3 Conclusions and Future Work

In this study we tested this hypothesis by analysing how the stability of a linear neural network is affected by different kinds of inhibition. We further discuss how this mechanism can affect learning speed in critical situations where acetylcholine is typically released, i.e. during dangerous or surprising events. In this paper we have introduced a preliminary analysis of the role of cholinergic modulation of the inhibitory substrate of the neocortex. We have found that the modulation produced by acetylcholine favors the exploration of the perceptual space by compressing the neural signals and opening more equilibria to encapsulate novel perceptions.

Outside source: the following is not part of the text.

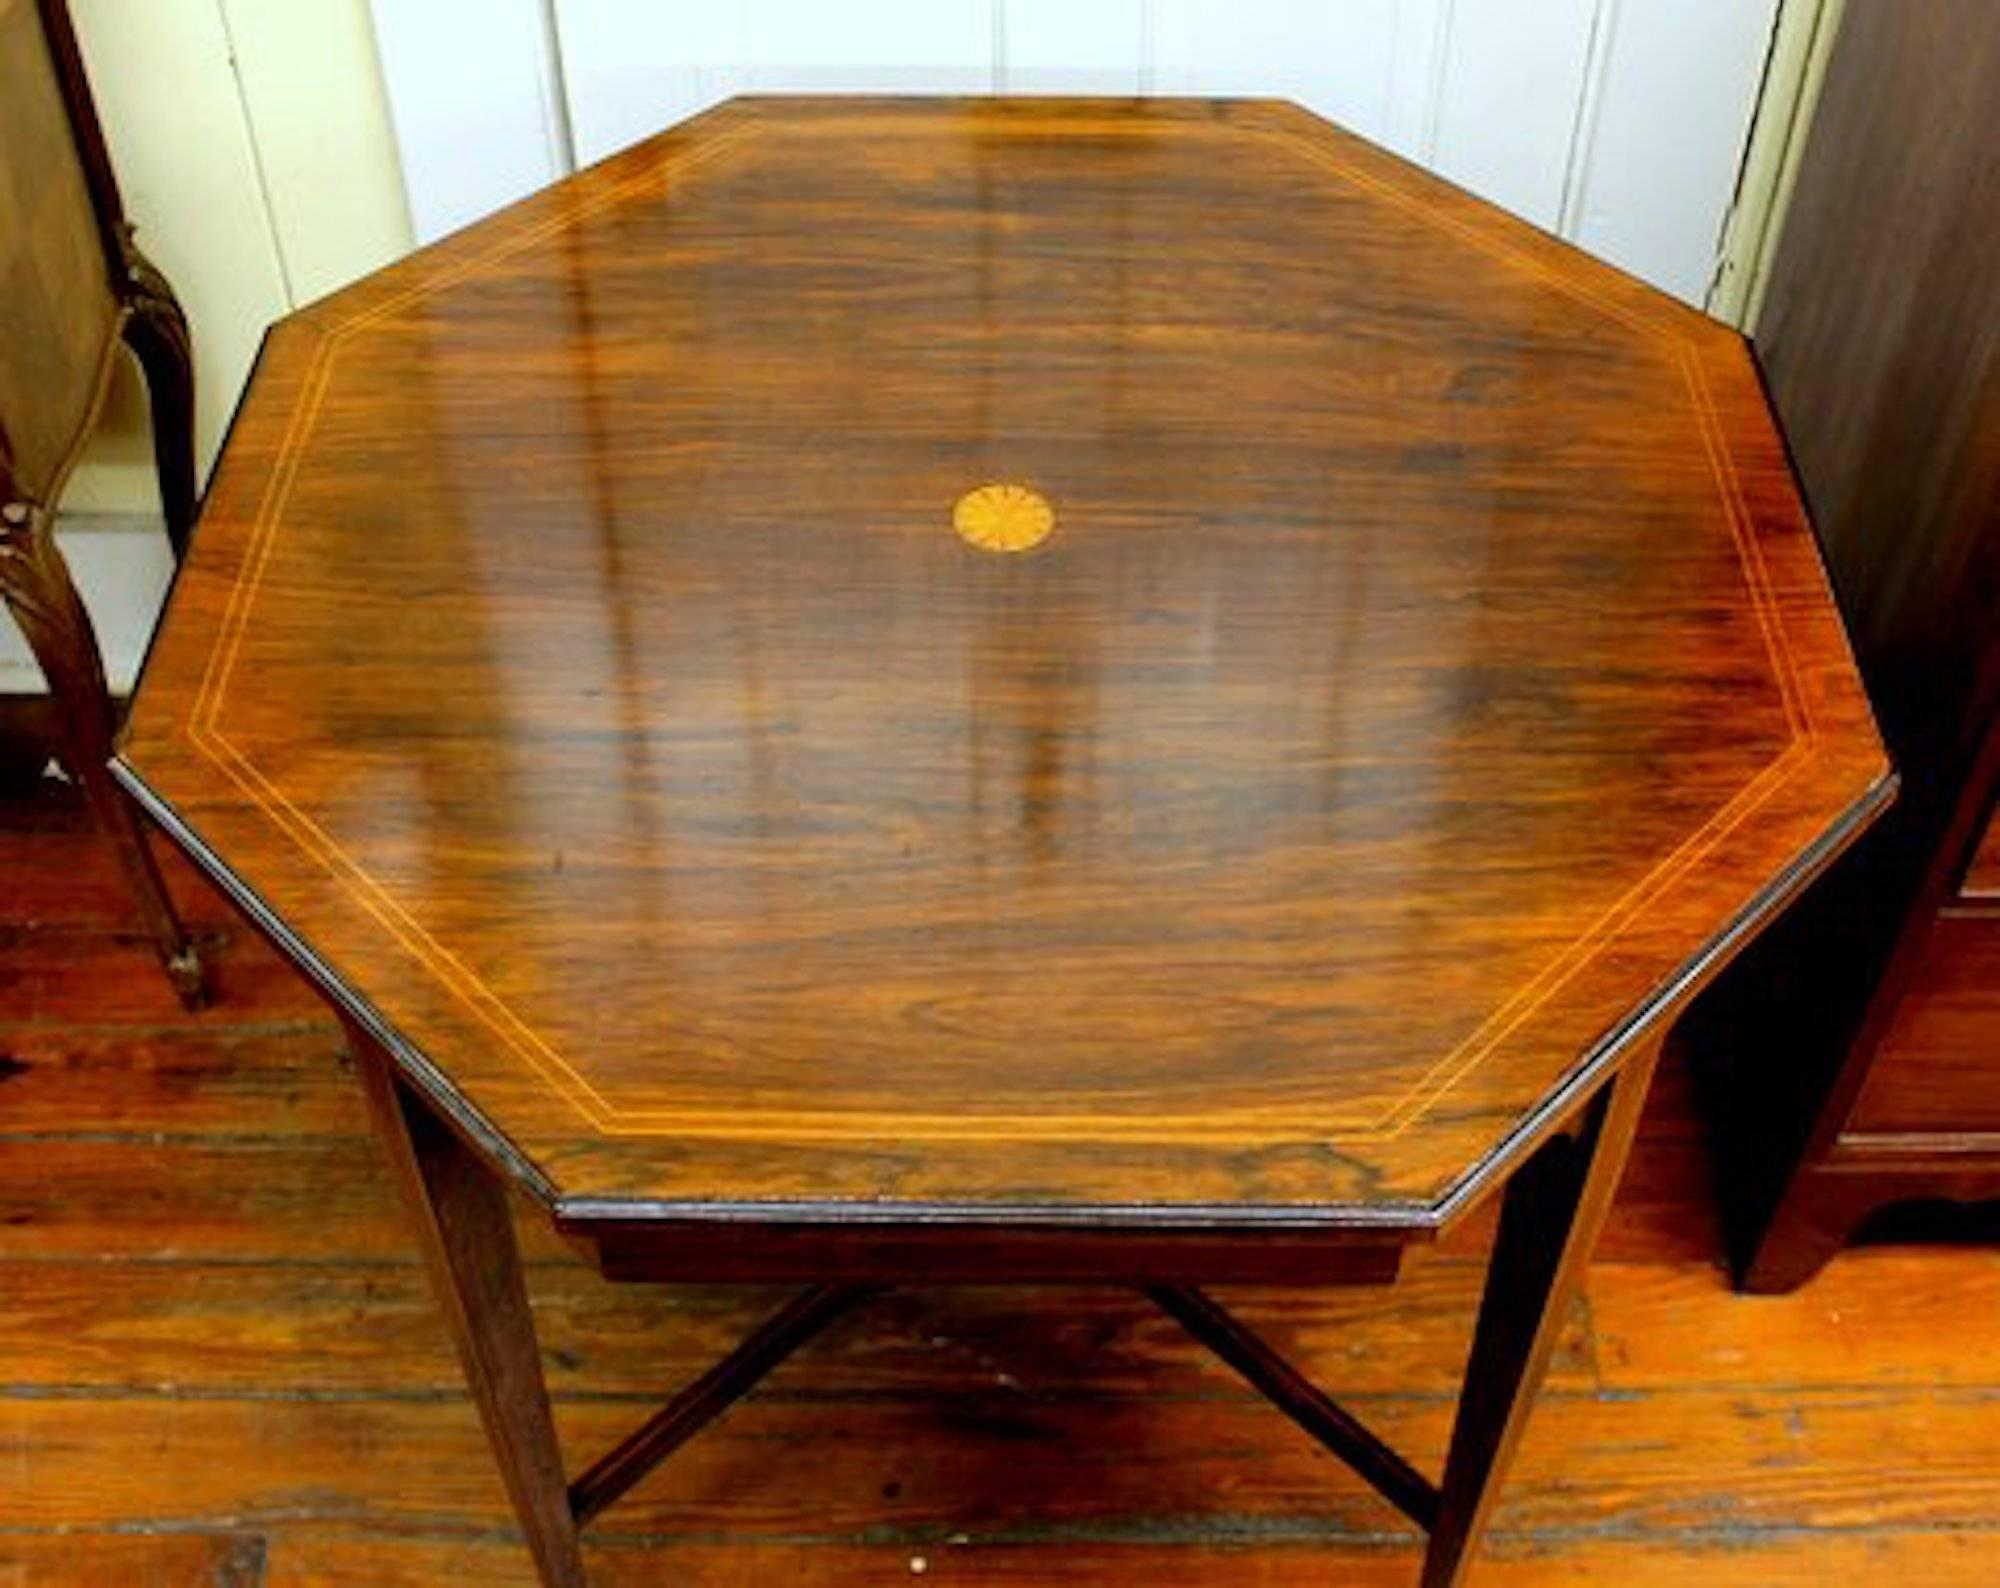 Rare and important antique English James Shoolbred (London) inlaid rosewood octagonal shape occasional or games table

We argue that this mechanisms is key for speeding up learning, as it switches between two behavior-state dependent modes: the more frequent, stable mode that provides a coherent representation of the word, and a rare, unstable mode that rapidly embeds new perceptions or even knowledge during critical events. Moreover, physiological experiments show acetylcholine release not only in fearful events, but also in the presence of unexpected rewarding or aversive stimuli and during sustained attention. The conclusions presented in this short dissertation support that the mechanisms for switching between stable, exploitative mind states and more exploratory states would be useful to maintain attentive states and respond to surprising, unexpected events.

The inclusion of this mechanisms in robotic or other artificial agents, will provide the substrate for autonomous learning, by allowing to detect future potential dangers or errors with enough time to react or stop. Following studies will aim to test the presented hypothesis in a computational model of cholinergic-based learning in a robotic platform.